Trent: Pain is temporary, but pride is forever!
10Kswimmer: Are there any kind of mental games that you play to help you overcome the cold water or tough conditions?
Trent: Not really, I do get very nervous before a race so I am aways trying to control my breathing and trying to relax.
10Kswimmer: What are some of the most difficult workouts you have ever done – either in the pool or open water?
Trent: Well, my type of training is very aerobic based and I swim big KMs. About two years ago, I swam 120K in one week over 11 sessions.
10Kswimmer: The Europeans have recently dominated professional marathon swimming. How do you plan to change that?
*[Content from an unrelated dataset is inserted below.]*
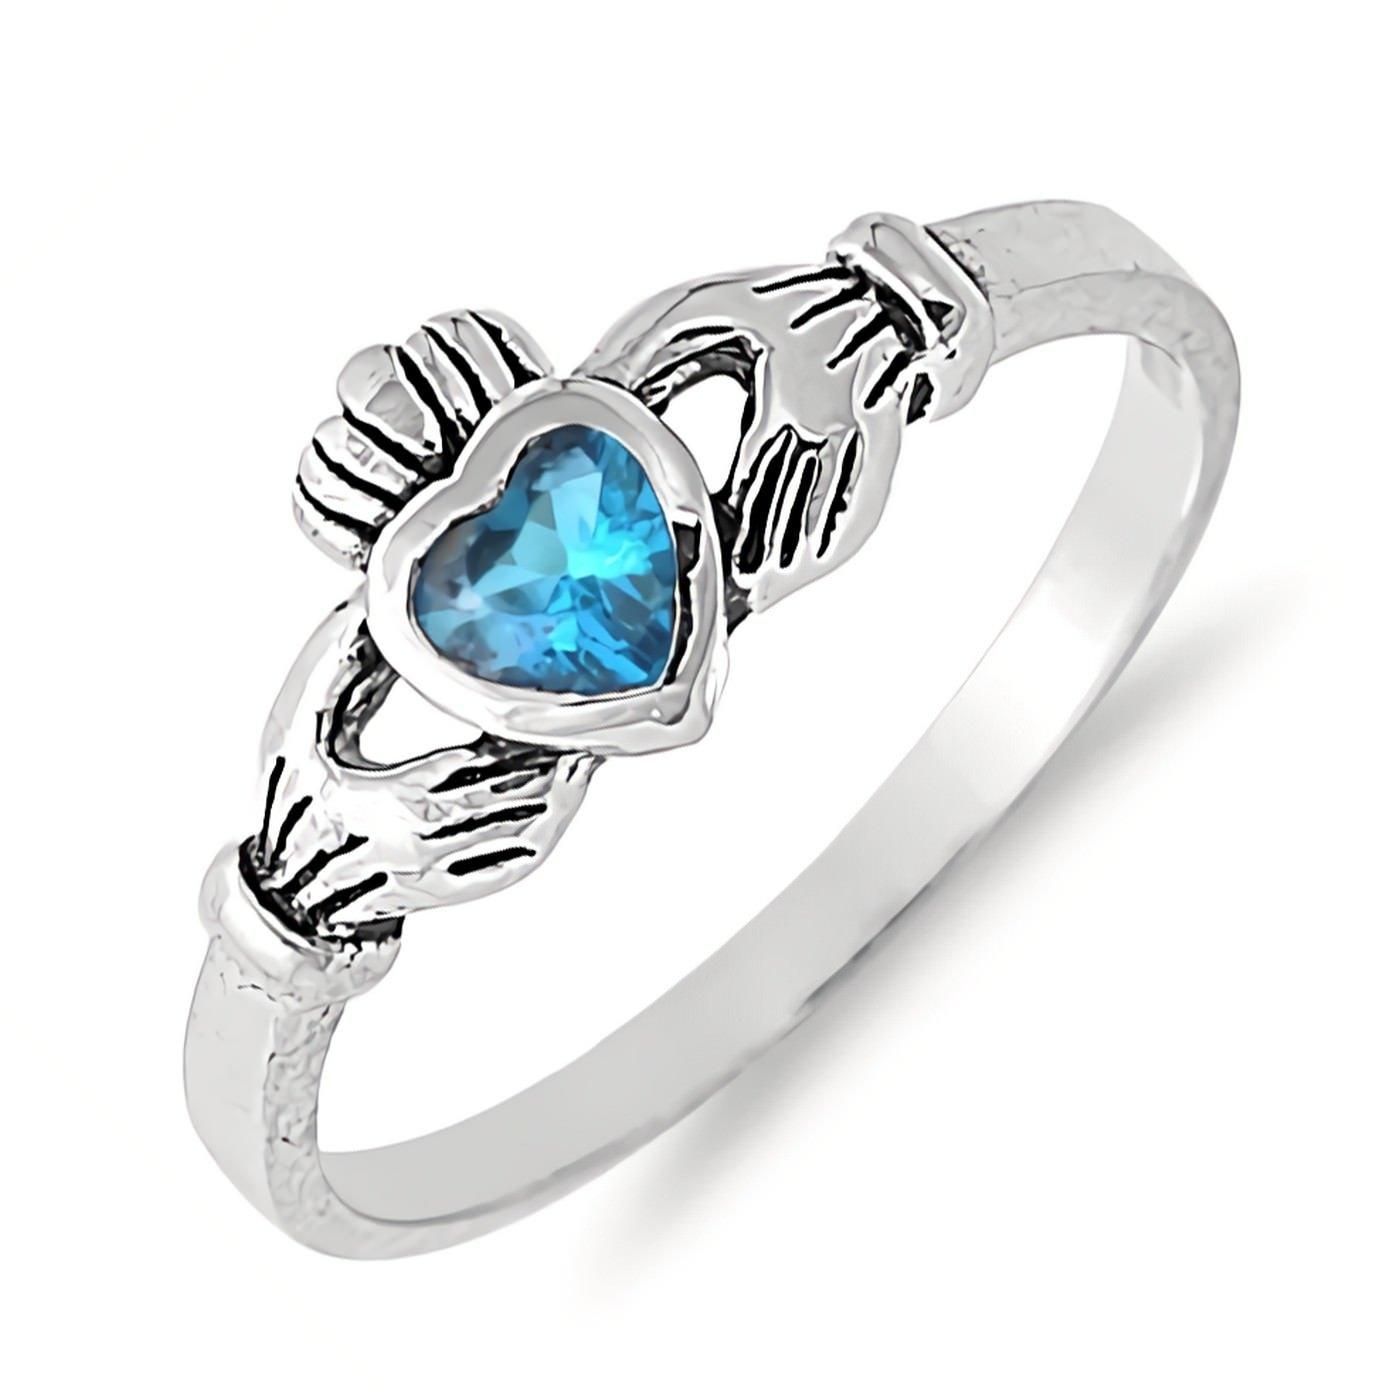 Traditional Irish Claddagh Ring Simulated Birthstone Sterling Silver Girls Womens Size 7 - Blue Topaz

Trent: This is a good question. I guess experience has a lot to do with being a good open water swimmer. Experience and hard work. I believe I am doing the right type of training - it's just getting the international race experience. Living in Australia, I guess doesn't really help with that because we are so far away from the rest of the world, so I think the next best thing to international racing is talking with people who have been there before and done that. I find talking with people like Josh Santacaterina and Brendan Cappel (both former 25km world champions) really helps. They are both full of great advice and are not afraid to share what they know. These guys have helped me out a lot with advice and how to prepare for a race and, I guess, even race tactics.